Чаще плачут, разумеется. Но бывают и светлые промежутки. Вы, вероятно, на светлые не попадали.
— Я не созерцатель, Леа, — ответил он с непривычной горячностью. — Я давно уже перестал им быть. Вы сами видите, где я просиживаю целые дни и часы. Сперва я действительно только зарисовывал вас.
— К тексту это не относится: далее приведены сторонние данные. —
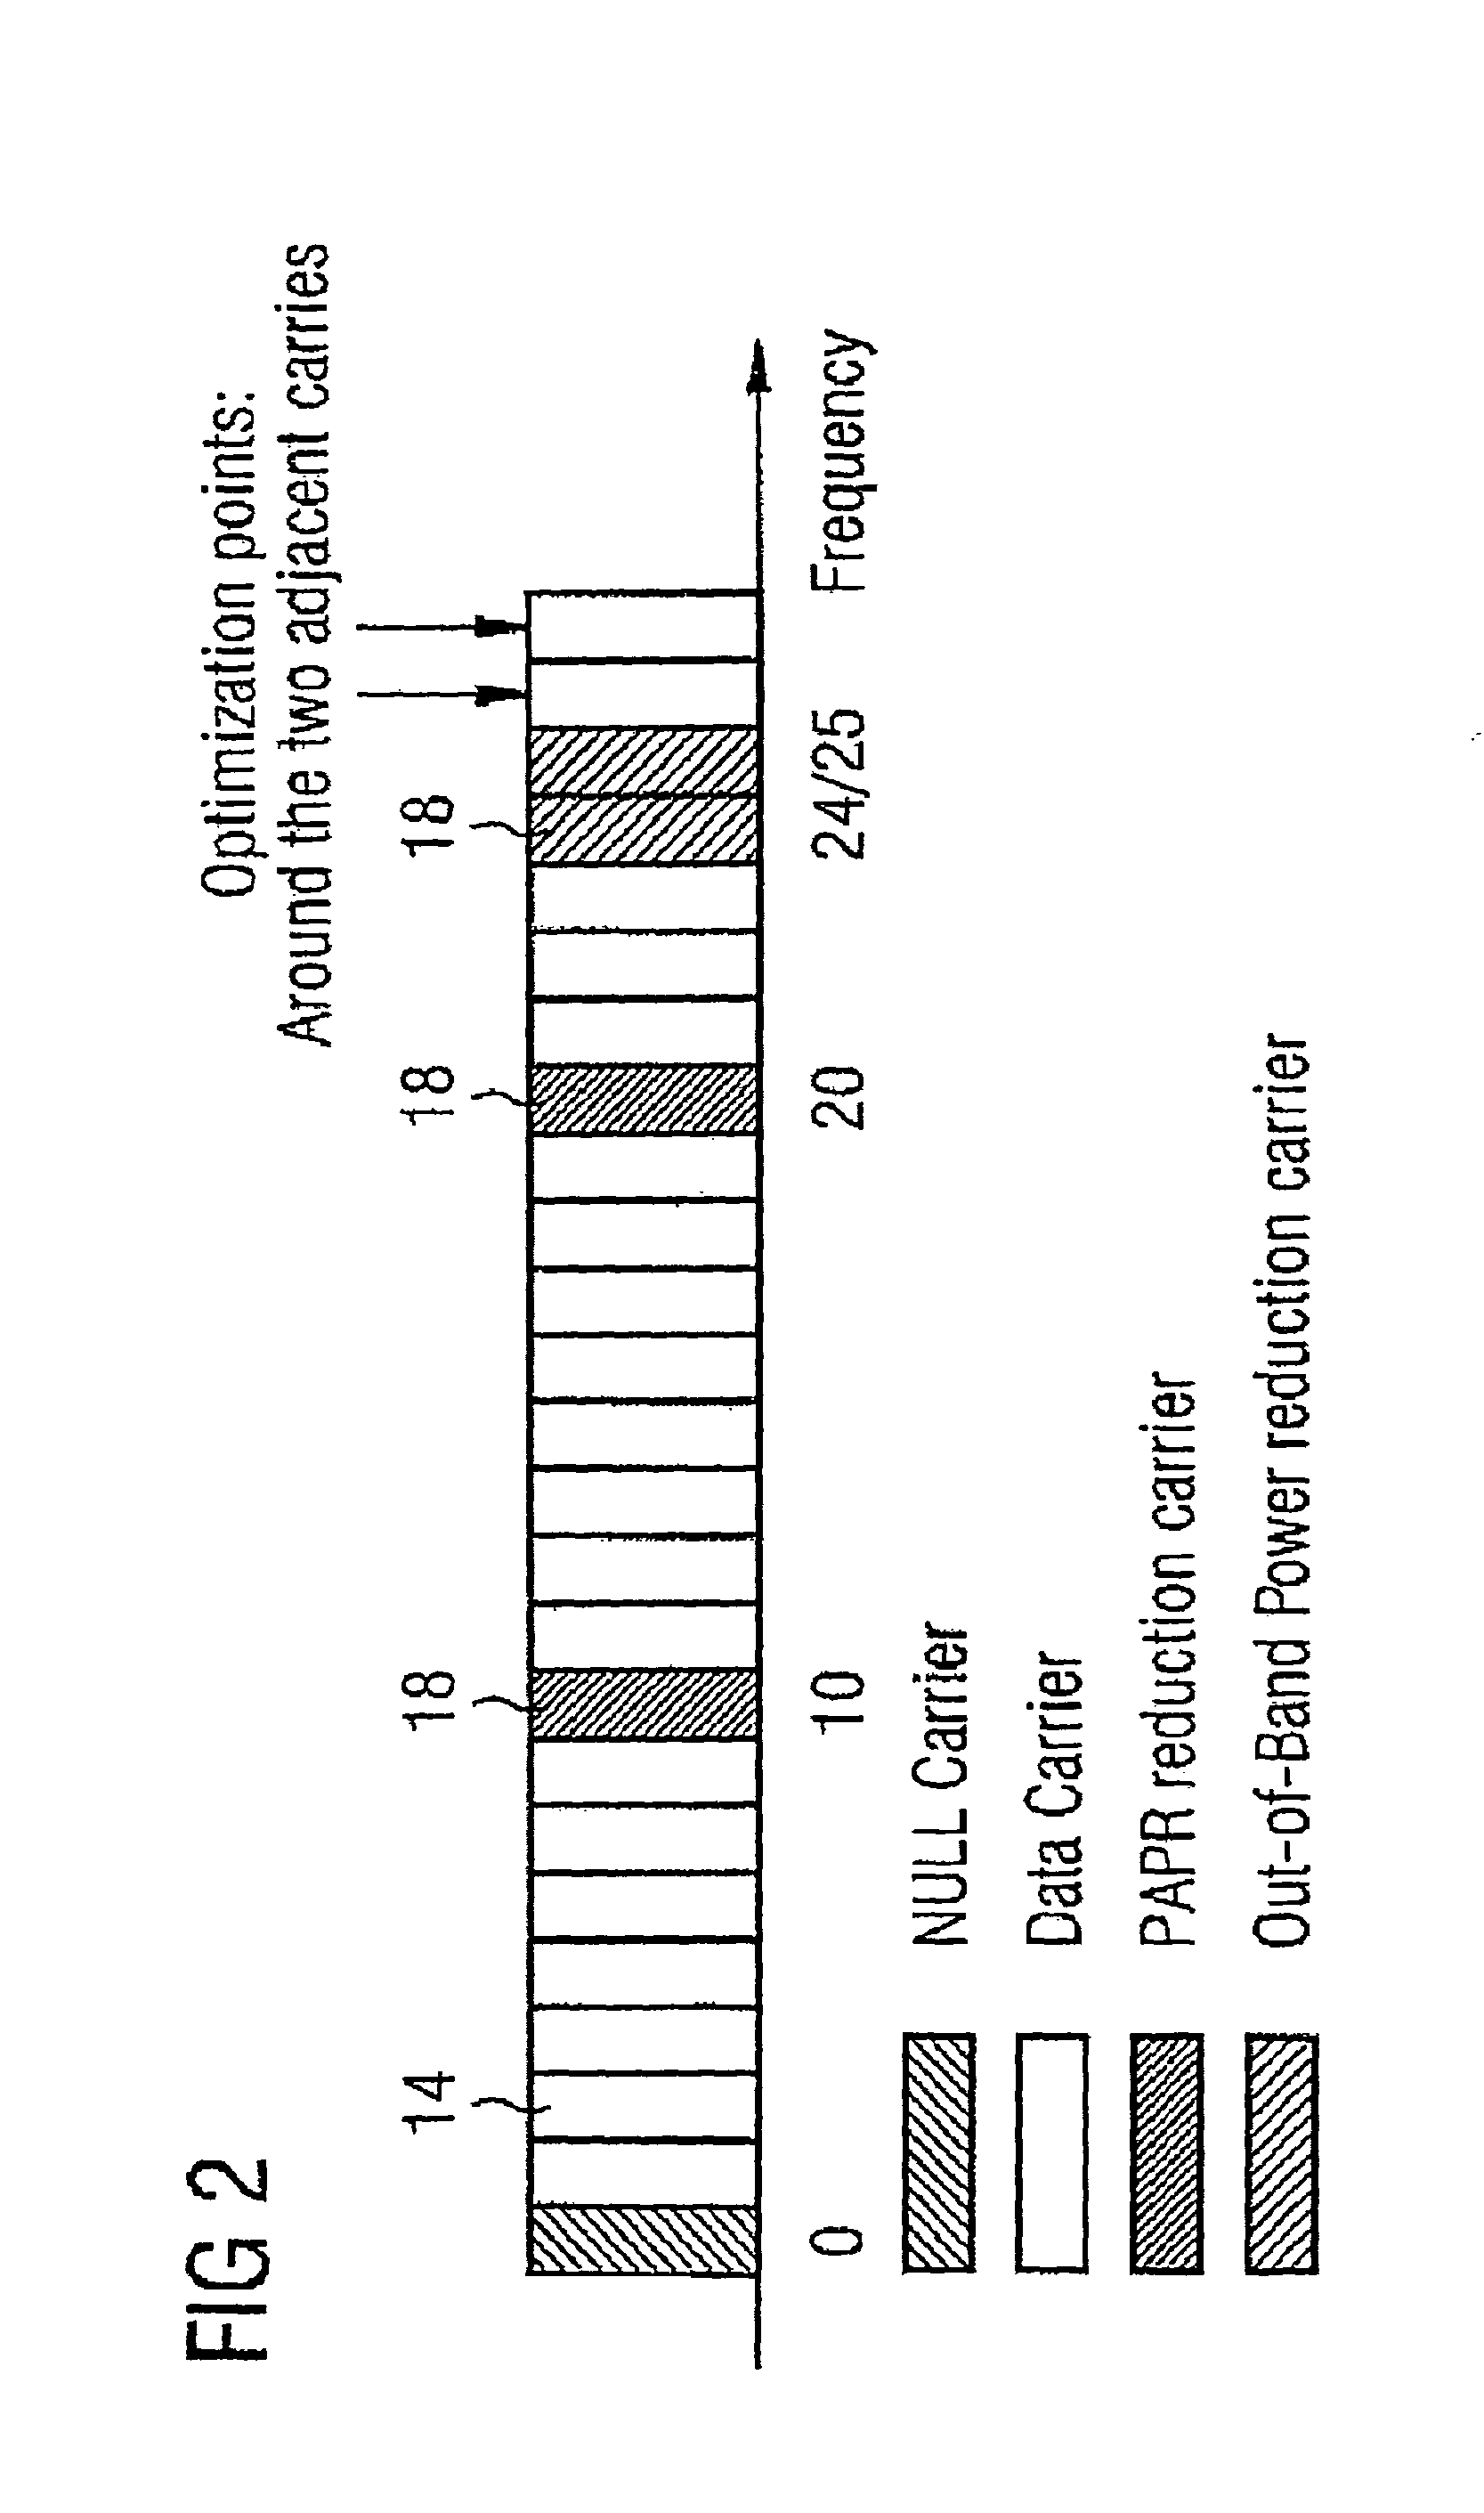 Method for optimizing signals with multiple subcarriers

— Меня? Нет, мою банку с румянами.
— Это было совсем давно. Вероятно, вы тоже выросли с тех пор. Я увидел, какая вы артистка!
Артистка насторожилась.
— Началось с вашей туфельки, с ноги, которая ее носила, потом перешло на походку.
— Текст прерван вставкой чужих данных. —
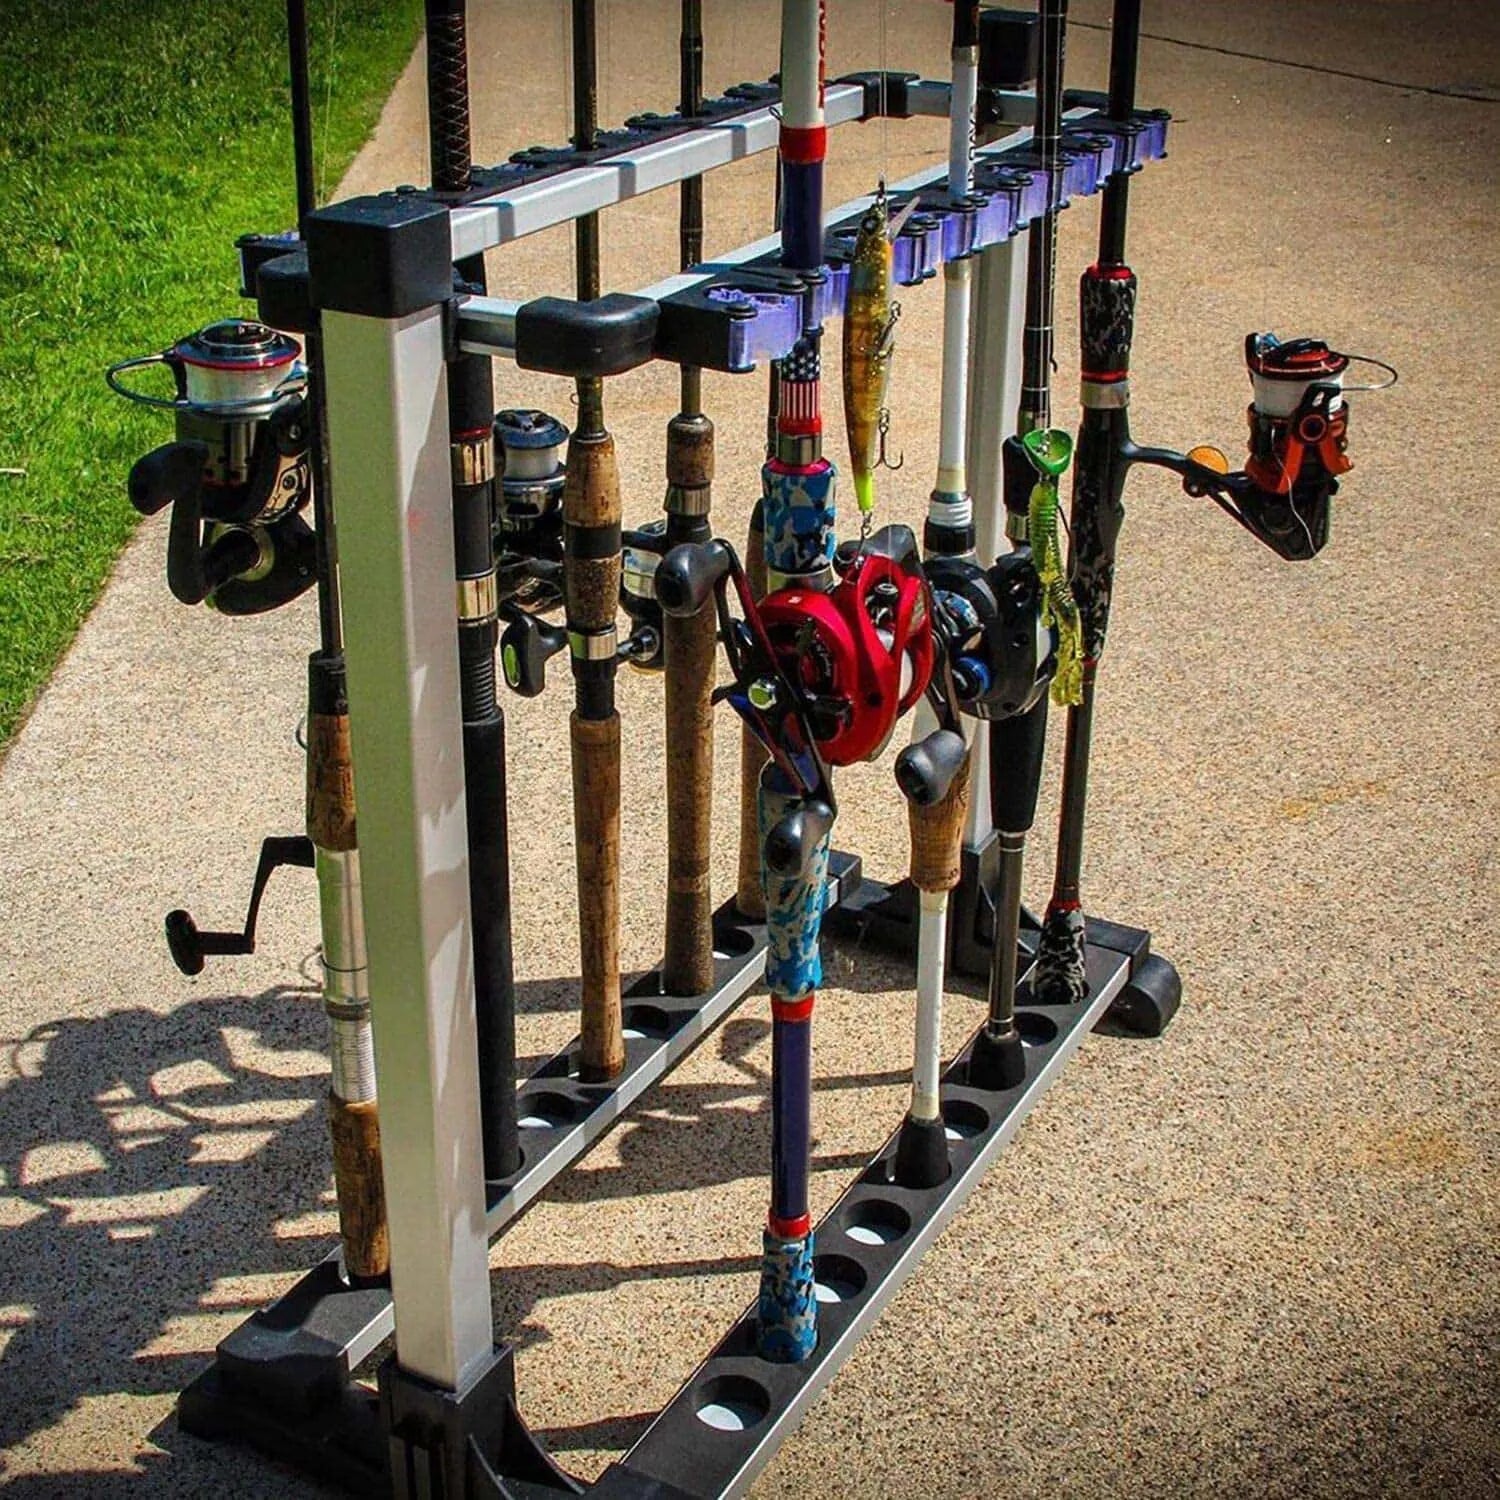 Fishing Made Easy with the Best Fishing Pole Holders Available Today

— Пока вы не добрались до лица…
— А тогда раскрылся весь человеческий облик. И сам я лишь после этого осознал себя. Осознал благодаря вам, Леа Терра. Другим, быть может, нужно испытывать срывы, несчастья. Я же переживал все в душе, потому что была женщина, которая так мастерски все изображала. Тогда же я сказал вслух: я люблю ее. — Он и сейчас испугался своих слов.
— Продолжайте, — потребовала она. — Что вы думали обо мне? Ведь это было почти вначале, я еще не прослыла бессердечной.
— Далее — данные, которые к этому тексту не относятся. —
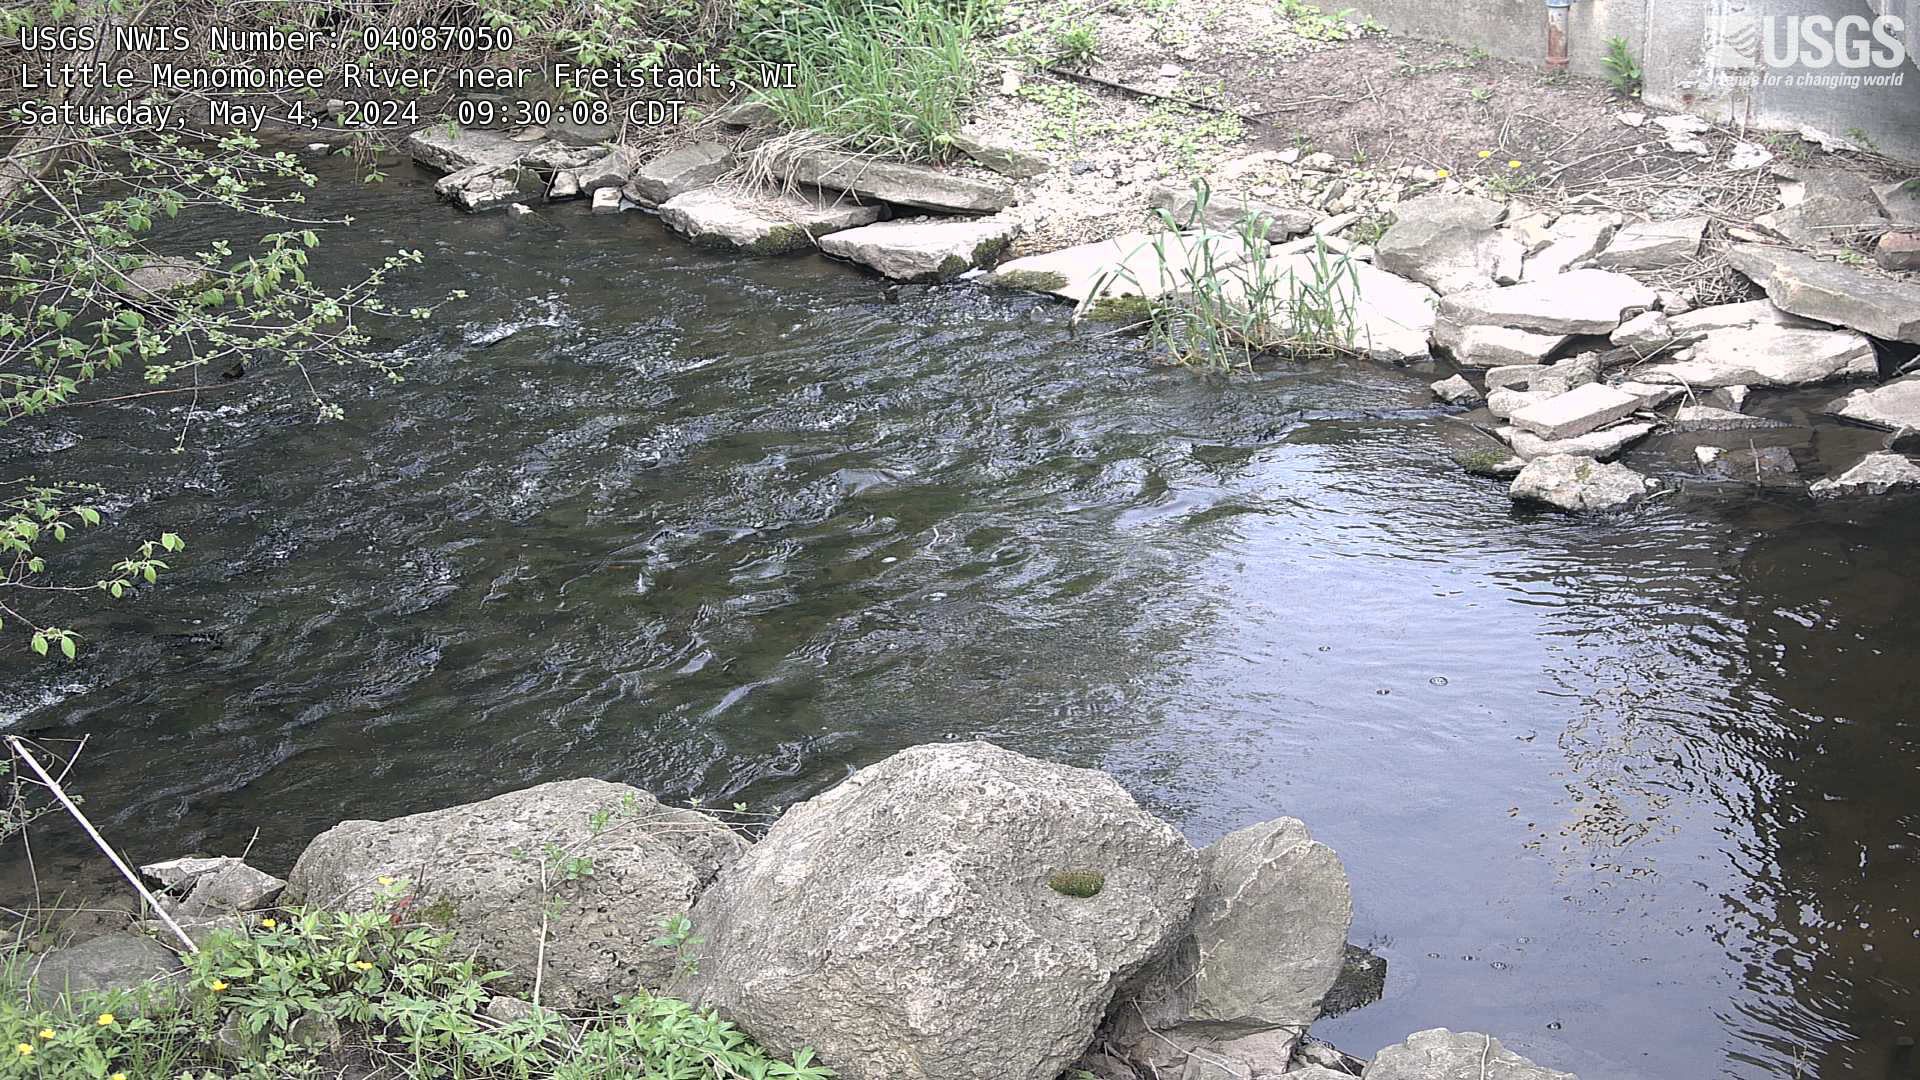 Closeup view of a river, rocky areas on either side.

— Вы — бессердечны! Я живое доказательство противного. Я научился чувствовать лишь у вас.
— Неизменные успехи, и неизменно мнимые! — Она спросила, перегнувшись вперед и сложив руки: — Помните, граф Ланна? Туалеты с глубоким смыслом. Это было мое прозвище, в нем отразилась неприязнь двух лагерей: лагеря глубокого смысла и лагеря туалетов. За мной лично признавали утонченность и, пожалуй, талант. Но сердце? Сердце отрицали, как бы беззаветно я ни отдавалась изображаемой на сцене страсти.
— Вас окружают таким поклонением!
— Молоденькие девушки. Их тянет ко мне, как мышек к кошке. Им хочется узнать, откуда она черпает силу, но при этом они косятся на свою норку. Мужчины? В столице не найдется актрисы, у которой насчитывалось бы так мало настоящих связей, как у меня, несмотря на вечную толчею здесь, — закончила она откровенно.
— Вас ничто не может замарать, — сказал он, опустив глаза.
— Это вы себе внушили, — возразила она без насмешки.
— Правда, какие бы качества они в вас ни ценили, любить вашу человеческую сущность они не могут. Они страшатся ее. Каждый из них по сути ищет себе мышиную норку.
— Вы, граф Эрвин, ничего не страшитесь, — сказала она поощрительно.
— Чего бы я тогда стоил? — спросил он. — Нет, из созерцателя, собиравшего впечатления, возник некто, у кого эти впечатления породили жалость. Только тогда он превратился в человека, который любит вас и потому хочет вас спасти. Любить — значит хотеть.
— Жалость? — Она состроила гримасу, напомнившую ее брага. — Если бы это мне сказали не вы… Мой друг, вы уже седеете. Сколько времени еще придется прощать вам мальчишеские промахи? Поговорим начистоту! Я жестоко страдала от господина Мангольфа чуть не полжизни. За то, чем я стала, ответственность несет он: и за мое искусство и за это все, — жестом охватывая комнату, где кресла, обитые гобеленом, глубокие козетки, треугольные плетеные диванчики в форме золоченых клеток стояли наготове для мужского гарема.
— Если бы я смел сказать вам все!
— Что еще? — спросила она неприязненно.
— О чем я мечтаю!
— Воображаю, о чем вы можете мечтать! — Она погрузилась в мысли и в свою боль.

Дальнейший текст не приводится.